What needs to be done: Show, from the records below, all lines that contain the word "pentru".

(Input material Opens)

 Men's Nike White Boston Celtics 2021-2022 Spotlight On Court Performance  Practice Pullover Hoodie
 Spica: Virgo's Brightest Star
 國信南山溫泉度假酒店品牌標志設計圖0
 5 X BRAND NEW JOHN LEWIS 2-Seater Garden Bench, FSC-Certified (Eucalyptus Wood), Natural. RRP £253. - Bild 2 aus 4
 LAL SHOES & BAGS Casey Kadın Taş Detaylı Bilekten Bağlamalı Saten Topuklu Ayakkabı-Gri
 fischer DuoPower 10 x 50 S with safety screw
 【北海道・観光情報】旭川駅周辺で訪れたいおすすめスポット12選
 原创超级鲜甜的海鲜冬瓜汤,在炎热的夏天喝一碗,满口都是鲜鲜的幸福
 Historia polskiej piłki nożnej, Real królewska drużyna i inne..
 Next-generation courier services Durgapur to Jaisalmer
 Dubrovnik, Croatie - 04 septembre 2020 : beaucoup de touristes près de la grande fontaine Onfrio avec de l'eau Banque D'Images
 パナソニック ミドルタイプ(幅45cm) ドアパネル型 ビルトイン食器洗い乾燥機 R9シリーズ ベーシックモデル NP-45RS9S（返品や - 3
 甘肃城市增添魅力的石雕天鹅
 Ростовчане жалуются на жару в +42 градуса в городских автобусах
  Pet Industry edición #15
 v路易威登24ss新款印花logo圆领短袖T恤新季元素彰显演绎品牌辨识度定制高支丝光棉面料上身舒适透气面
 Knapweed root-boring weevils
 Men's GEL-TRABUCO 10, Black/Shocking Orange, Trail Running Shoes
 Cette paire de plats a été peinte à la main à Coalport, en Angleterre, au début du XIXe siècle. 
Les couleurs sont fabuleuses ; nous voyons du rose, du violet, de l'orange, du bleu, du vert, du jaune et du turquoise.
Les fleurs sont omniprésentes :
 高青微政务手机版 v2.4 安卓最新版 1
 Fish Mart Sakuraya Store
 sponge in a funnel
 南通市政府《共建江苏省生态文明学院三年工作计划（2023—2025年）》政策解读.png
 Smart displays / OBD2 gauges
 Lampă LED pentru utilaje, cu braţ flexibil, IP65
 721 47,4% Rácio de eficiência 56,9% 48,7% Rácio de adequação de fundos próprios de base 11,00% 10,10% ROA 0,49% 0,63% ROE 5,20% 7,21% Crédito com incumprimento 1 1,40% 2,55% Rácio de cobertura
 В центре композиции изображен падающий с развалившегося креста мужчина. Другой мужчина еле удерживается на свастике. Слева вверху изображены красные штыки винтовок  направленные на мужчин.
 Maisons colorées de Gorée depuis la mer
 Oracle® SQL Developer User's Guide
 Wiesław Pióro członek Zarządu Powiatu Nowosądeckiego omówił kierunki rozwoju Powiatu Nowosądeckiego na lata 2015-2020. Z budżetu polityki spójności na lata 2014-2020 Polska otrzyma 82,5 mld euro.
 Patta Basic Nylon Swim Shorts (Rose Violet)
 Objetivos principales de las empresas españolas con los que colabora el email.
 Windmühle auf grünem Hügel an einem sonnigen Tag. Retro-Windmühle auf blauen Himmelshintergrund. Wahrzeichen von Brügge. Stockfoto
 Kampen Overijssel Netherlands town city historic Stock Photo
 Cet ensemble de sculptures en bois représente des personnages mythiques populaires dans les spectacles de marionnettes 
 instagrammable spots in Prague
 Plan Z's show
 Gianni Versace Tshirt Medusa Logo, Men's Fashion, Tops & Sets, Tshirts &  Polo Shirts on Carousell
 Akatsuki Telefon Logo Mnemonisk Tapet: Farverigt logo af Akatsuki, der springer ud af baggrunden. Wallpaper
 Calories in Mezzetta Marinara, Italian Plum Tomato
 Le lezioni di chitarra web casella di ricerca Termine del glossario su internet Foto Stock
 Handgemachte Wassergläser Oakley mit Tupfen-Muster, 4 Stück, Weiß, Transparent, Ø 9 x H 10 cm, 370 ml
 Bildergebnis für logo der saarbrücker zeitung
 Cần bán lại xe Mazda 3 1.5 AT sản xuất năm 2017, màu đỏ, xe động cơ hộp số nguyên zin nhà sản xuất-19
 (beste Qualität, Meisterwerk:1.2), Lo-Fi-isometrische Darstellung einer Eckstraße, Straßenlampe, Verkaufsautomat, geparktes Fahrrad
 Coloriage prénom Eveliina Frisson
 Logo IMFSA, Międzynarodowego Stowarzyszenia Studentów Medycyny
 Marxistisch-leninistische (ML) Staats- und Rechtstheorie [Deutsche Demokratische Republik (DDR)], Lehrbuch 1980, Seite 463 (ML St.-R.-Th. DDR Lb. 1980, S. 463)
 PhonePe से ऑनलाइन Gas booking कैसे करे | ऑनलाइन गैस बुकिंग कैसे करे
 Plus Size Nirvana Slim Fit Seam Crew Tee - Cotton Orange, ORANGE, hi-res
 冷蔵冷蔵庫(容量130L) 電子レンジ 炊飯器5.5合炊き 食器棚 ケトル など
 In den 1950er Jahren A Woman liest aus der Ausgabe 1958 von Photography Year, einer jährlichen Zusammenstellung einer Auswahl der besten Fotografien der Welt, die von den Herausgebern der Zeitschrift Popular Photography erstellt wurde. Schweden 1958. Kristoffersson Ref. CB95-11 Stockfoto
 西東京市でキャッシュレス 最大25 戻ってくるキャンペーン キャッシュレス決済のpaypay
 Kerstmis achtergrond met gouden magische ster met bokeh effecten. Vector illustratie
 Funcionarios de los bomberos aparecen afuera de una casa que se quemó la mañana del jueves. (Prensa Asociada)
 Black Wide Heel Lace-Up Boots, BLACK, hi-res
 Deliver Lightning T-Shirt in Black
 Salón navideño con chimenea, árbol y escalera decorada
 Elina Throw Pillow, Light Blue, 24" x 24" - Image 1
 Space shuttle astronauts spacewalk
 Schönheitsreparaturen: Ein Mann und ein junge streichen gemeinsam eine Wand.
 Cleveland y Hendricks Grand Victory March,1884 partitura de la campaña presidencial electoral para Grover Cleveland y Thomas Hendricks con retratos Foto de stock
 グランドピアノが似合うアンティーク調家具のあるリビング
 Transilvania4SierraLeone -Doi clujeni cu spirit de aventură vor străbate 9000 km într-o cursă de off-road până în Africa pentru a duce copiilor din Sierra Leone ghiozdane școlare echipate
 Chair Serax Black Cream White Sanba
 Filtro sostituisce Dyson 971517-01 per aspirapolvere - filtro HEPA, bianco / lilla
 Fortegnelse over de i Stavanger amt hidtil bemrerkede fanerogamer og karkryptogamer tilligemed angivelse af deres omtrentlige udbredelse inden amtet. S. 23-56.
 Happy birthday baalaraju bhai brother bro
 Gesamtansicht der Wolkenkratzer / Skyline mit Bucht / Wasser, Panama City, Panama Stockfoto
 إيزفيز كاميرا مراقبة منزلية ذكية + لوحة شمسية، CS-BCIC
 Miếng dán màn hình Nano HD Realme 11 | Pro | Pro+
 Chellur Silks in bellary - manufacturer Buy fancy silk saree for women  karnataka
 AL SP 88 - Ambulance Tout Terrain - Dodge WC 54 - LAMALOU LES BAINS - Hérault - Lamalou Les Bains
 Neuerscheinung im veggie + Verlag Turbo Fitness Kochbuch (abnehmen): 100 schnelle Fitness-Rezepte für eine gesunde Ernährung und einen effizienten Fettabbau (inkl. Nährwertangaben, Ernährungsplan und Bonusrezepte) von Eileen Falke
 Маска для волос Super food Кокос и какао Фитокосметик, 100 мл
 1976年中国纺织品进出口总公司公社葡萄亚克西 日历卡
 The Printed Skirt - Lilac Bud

(Input material Closes)

Answer section:
 Lampă LED pentru utilaje, cu braţ flexibil, IP65
 Transilvania4SierraLeone -Doi clujeni cu spirit de aventură vor străbate 9000 km într-o cursă de off-road până în Africa pentru a duce copiilor din Sierra Leone ghiozdane școlare echipate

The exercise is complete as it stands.